Backers of the Open Source Endowment include Thomas Dohmke (the former GitHub CEO who raised a record $60 million for developer tools startup Entire); Mitchell Hashimoto (founder of HashiCorp, which sold to IBM for $6.4 billion last year); Supabase founder and CEO Paul Copplestone. co-founder of NGINX. the creators of Vue.js and cURL. plus executives from Elastic, Spotify and more. In total, the project has over 50 donors so far.
The nonprofit, which just gained official 501(c)(3) status, has currently raised more than $750,000 in pledges. But if things go according to its founder’s plan, Konstantin Vinogradovwill have $100 million in assets within seven years.
Vinogradov is a venture investor specializing in open source software, artificial intelligence and infrastructure and was previously a general partner at Runa Capital. As such, he has “some experience with university endowments,” which are some of the biggest investors in venture capital funds, he told TechCrunch.
Vinogradov says that as he scoured the world for open source projects, one complaint kept coming up: “There’s no source of sustainable funding for open source maintainers.
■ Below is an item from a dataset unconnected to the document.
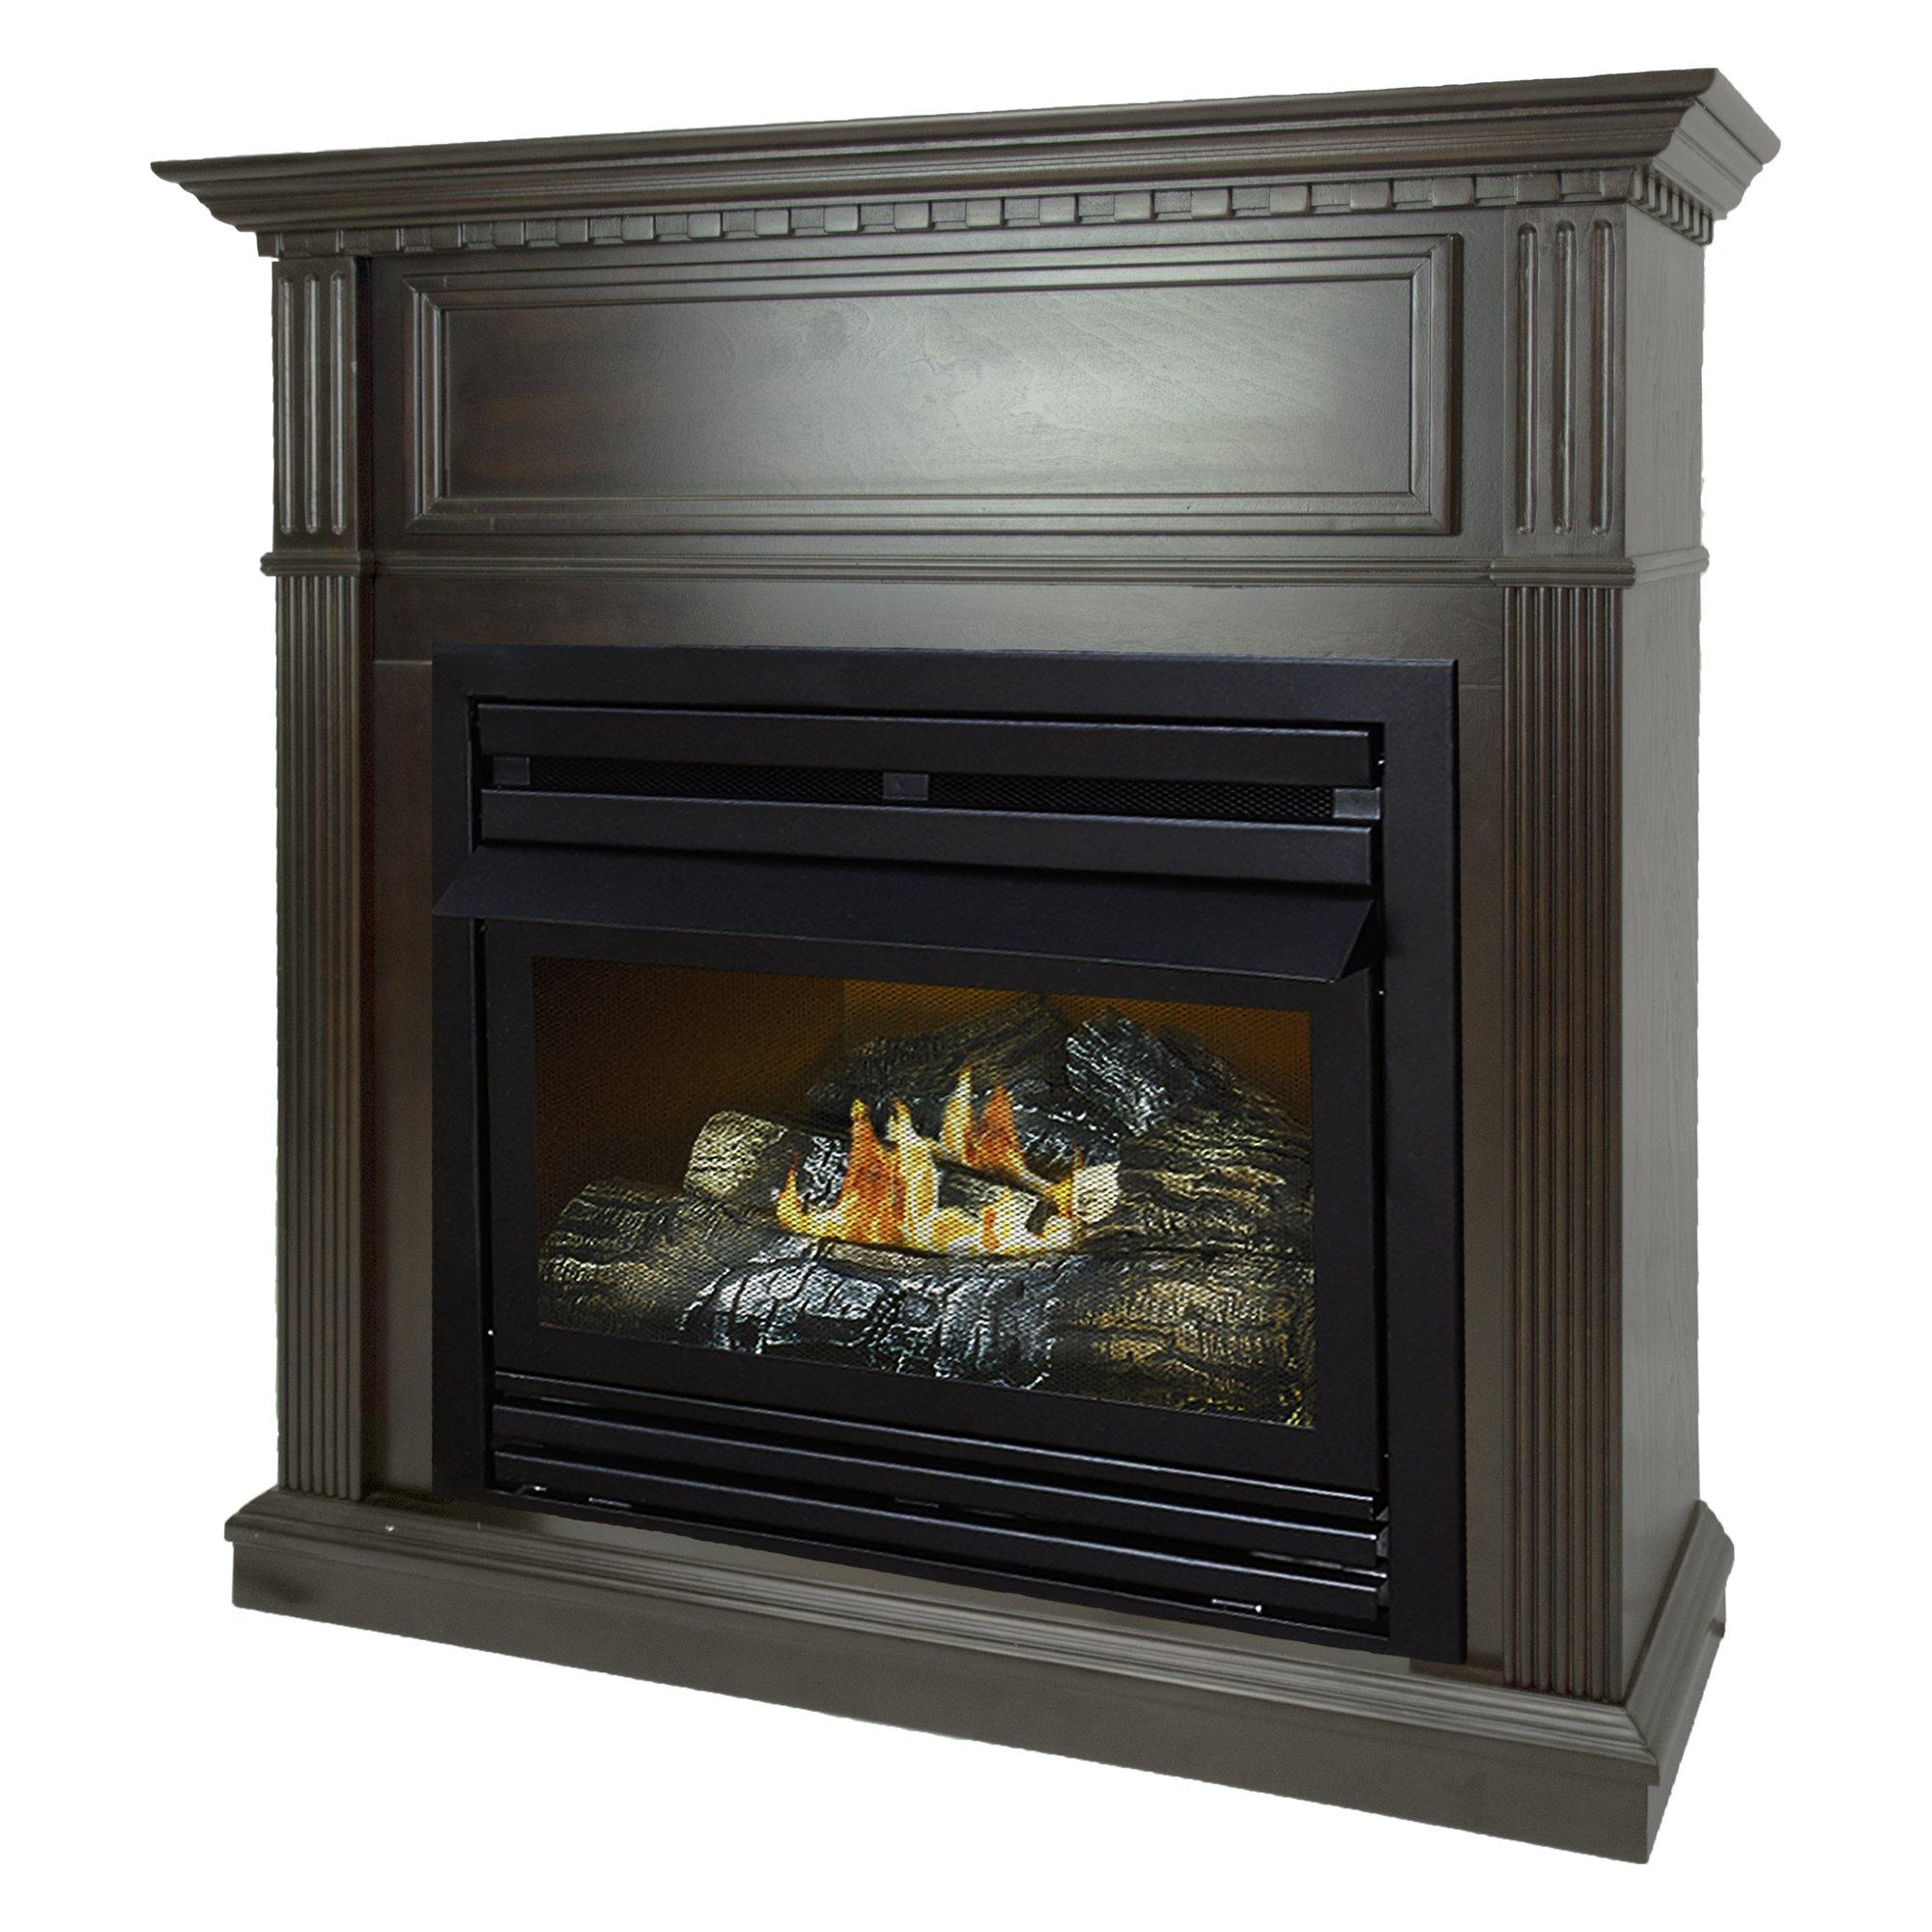 Pleasant Hearth 42 Intermediate Natural Gas Vent Free Fireplace System 27,500 BTU, Rich Tobacco by Pleasant Hearth

And that’s a really big problem.” (“Maintainer” refers to the developers who work on open source projects, such as debugging, selecting and verifying features submitted by the community, or planning new features.)
The fund will support projects based on criteria such as their number of users or how many other projects rely on that particular software to function. It will also select projects not already supported by grants, donations or umbrella organizations such as Linux Alpha-Omega. Vinogradov has already put together a board for the nonprofit.
Cash tied up, burned
Lack of money in open source is nothing new. Open source software is usually given away and because the community often contributes time and effort freely, up to 86% of open source developers they are not paid for their work.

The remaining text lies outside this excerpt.